Later on, the Tramp’s amateur philanthropy is motivated by a quest to purchase $1,000 eyeball surgery. This is more sensible, less melodramatic, and it works with that whole cinematic metaphor, so it’s good.

Meanwhile, the Tramp can never raise cash. Every job instead leads to comic failure. It is an old comedy standby that the hero can never catch a break, that a sitcom protagonist is always denied riches in favor of the status quo. That’s totally appropriate for the loosey-goosey serialization of the Tramp’s anti-continuous franchise. But he’s not doing this for himself, but for the Girl. The universe conspiring to deny her a surgery is only funny if it’s a greater hardship for the Tramp – and it isn’t. His philanthropy (already questionable) gets in the way of laughs, while aiming for emotion. I am a hard nut, and a movie which abandons laffs for seriousness is, to me, fundamentally flawed. It’s insincere.

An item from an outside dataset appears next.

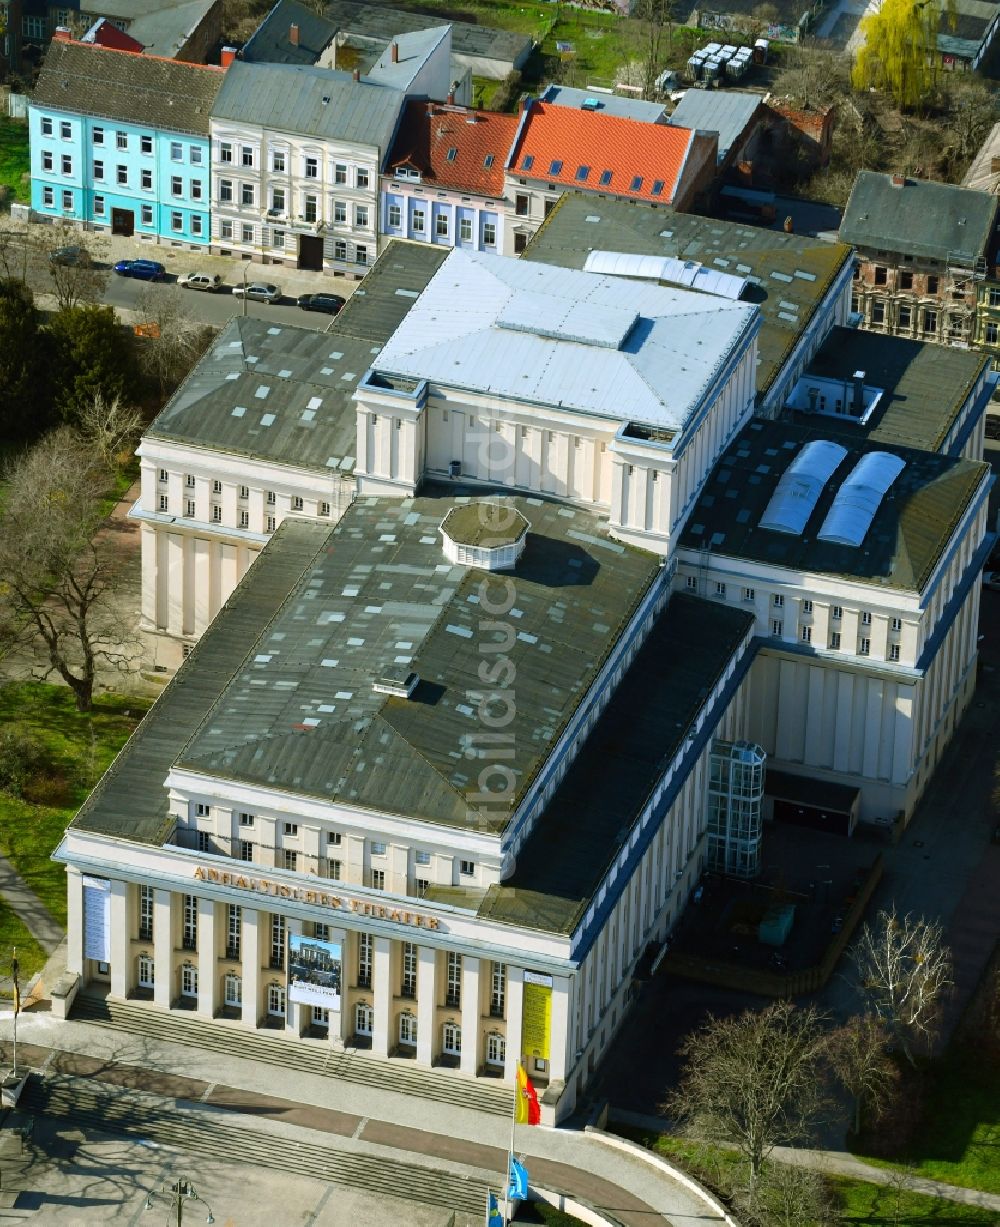 Luftbild Dessau - Anhaltisches Theater in Dessau im Bundesland Sachsen-Anhalt, Deutschland

The greatest issue, though, is the simple, eternal fact of the Chaplin universe: the poor cannot succeed on their own. I don’t wish to open some debate, but it’s a strange, anti-Horatio Alger sort of argument for a humanist, populist filmmaker like Chaplin to put forth. When the Tramp does amass cash, it’s simply as a random, unearned gift from the drunken Millionaire – it’s always, always, ALWAYS a deus ex machina with Chaplin! This is actually a greater fairytale than a story about “pulling yourself up by your own bootstraps.” Wealth may only be obtained by random dumb luck. What the hell sort of a message is that?!


Besides, the Millionaire sobers up almost instantly after paying the Tramp (following a rather left-field burglar sequence), and thus thinks the Tramp is stealing. Thus the Tramp flees from the cops – that old standby. In some fundamental sense, the Tramp always steals, and though this is different, it feels equally problematic.

All that aside, the moment comes for the Girl’s sight surgery. The ending to City Lights is famously regarded as one of the most brilliant, moving moments in film. I have never been able to watch this scene without the baggage of that claim weighing down upon me. I’ve never felt the raw emotive power others describe – intellectually I kinda get it, so let’s just leave it in those terms…

Chaplin’s films are often defined by their endings, be they happy or sad. What City Lights does well, without revealing too much detail (because you really ought to see it for yourself, in spite of my personal apathy), is that it creates an open-ended resolution. What occurs has the potential for bliss or tragedy. The conclusion also ties up all of City Lights’ silent film metaphorics, in a way that is a great big question mark about the future of cinema. Given Chaplin’s own ambivalence towards talk, that feels like the best way to leave things off.